**Information supplied**.
# # # # #
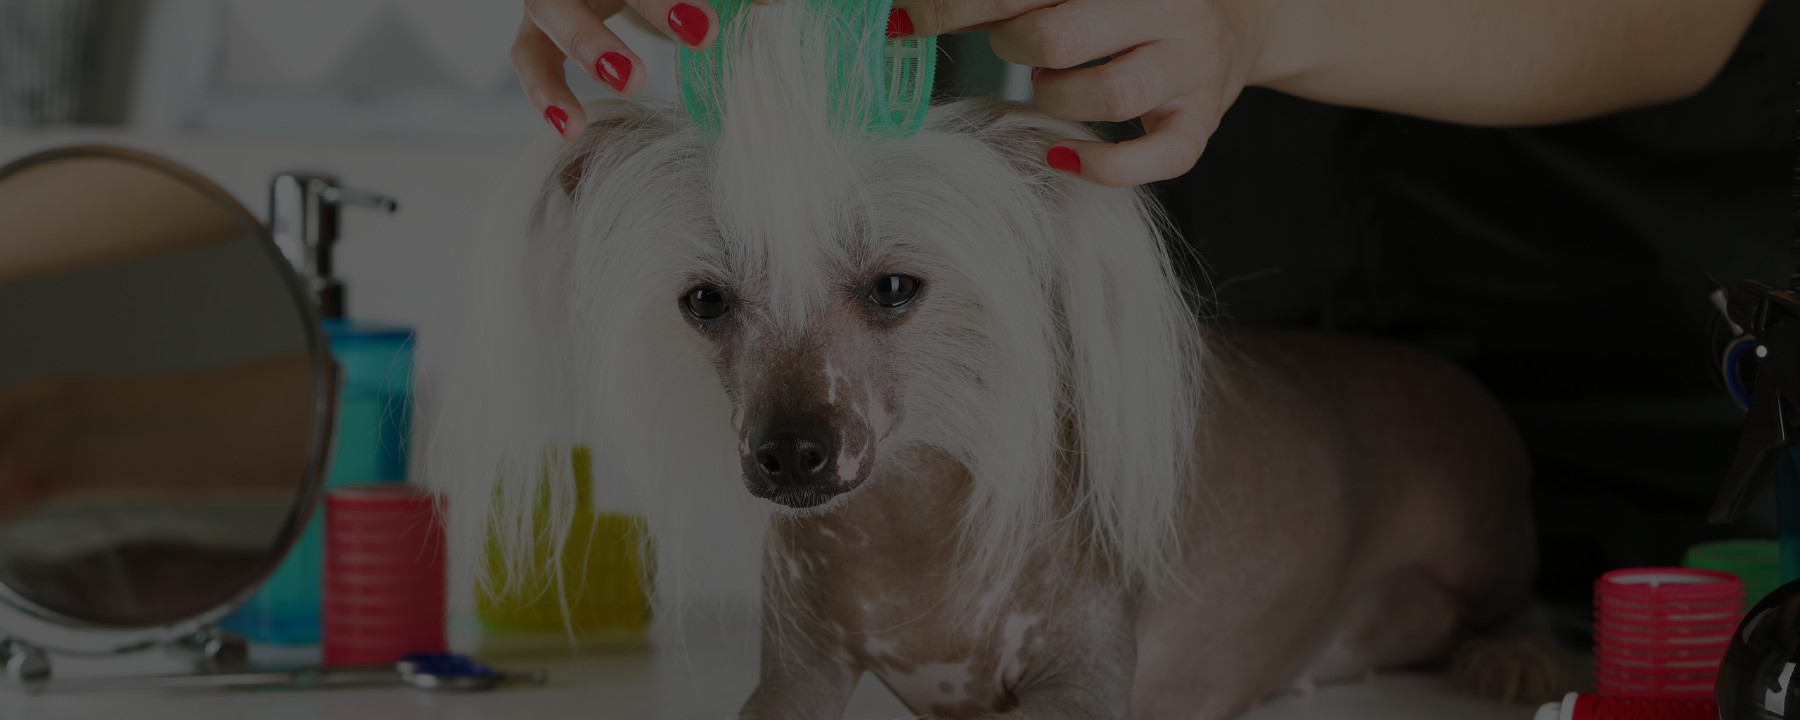 Your Dog Grooming Business: Salon vs. Home Grooming
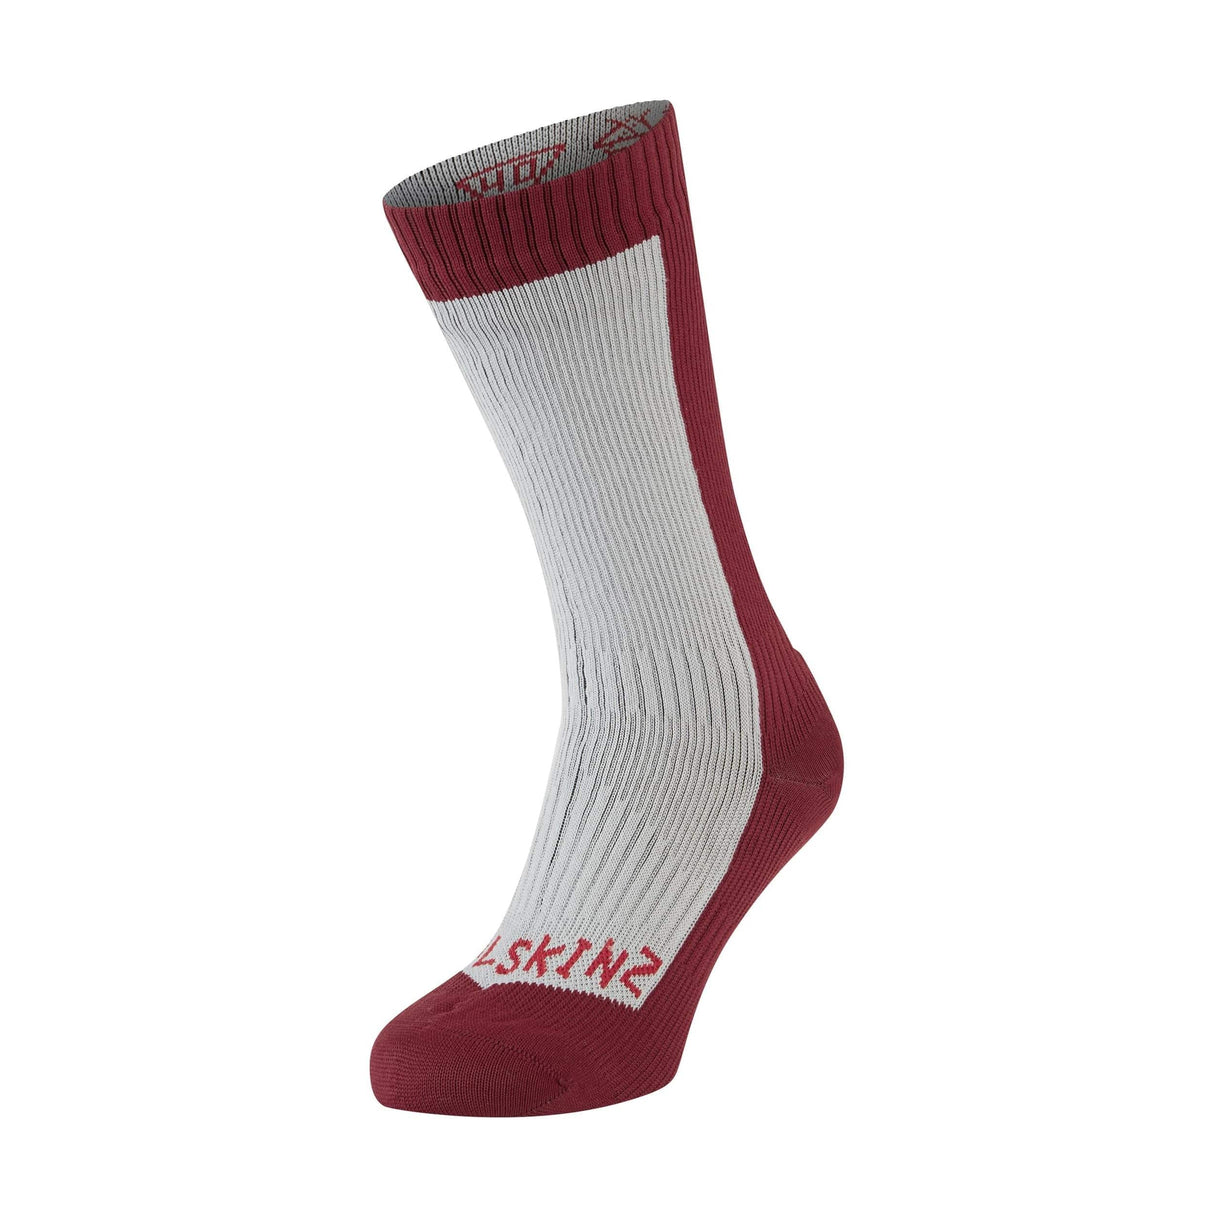 Sealskinz Starston Waterproof Cold Weather Mid Socks  -  Small / Gray/Red
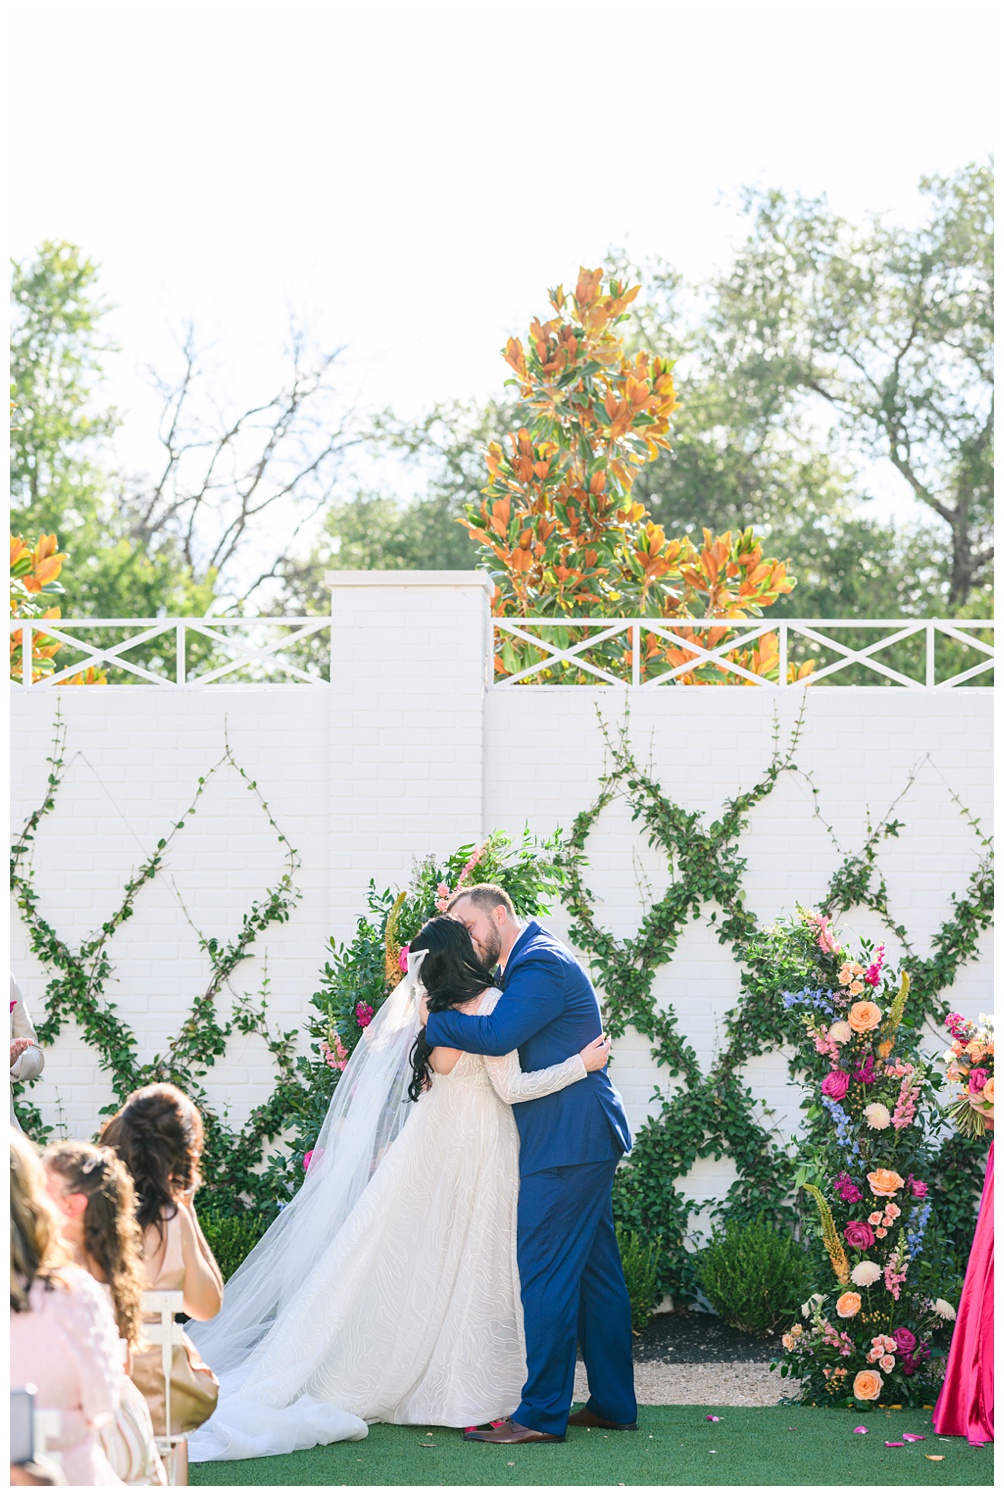 First Kiss Photo at Wish Well House Wedding in Georgetown Texas
# # # # #
**About this exercise**. Return an exact transcription of the material, with its pictures left out.

**Task solution**.
 Your Dog Grooming Business: Salon vs. Home Grooming
 Sealskinz Starston Waterproof Cold Weather Mid Socks  -  Small / Gray/Red
 First Kiss Photo at Wish Well House Wedding in Georgetown Texas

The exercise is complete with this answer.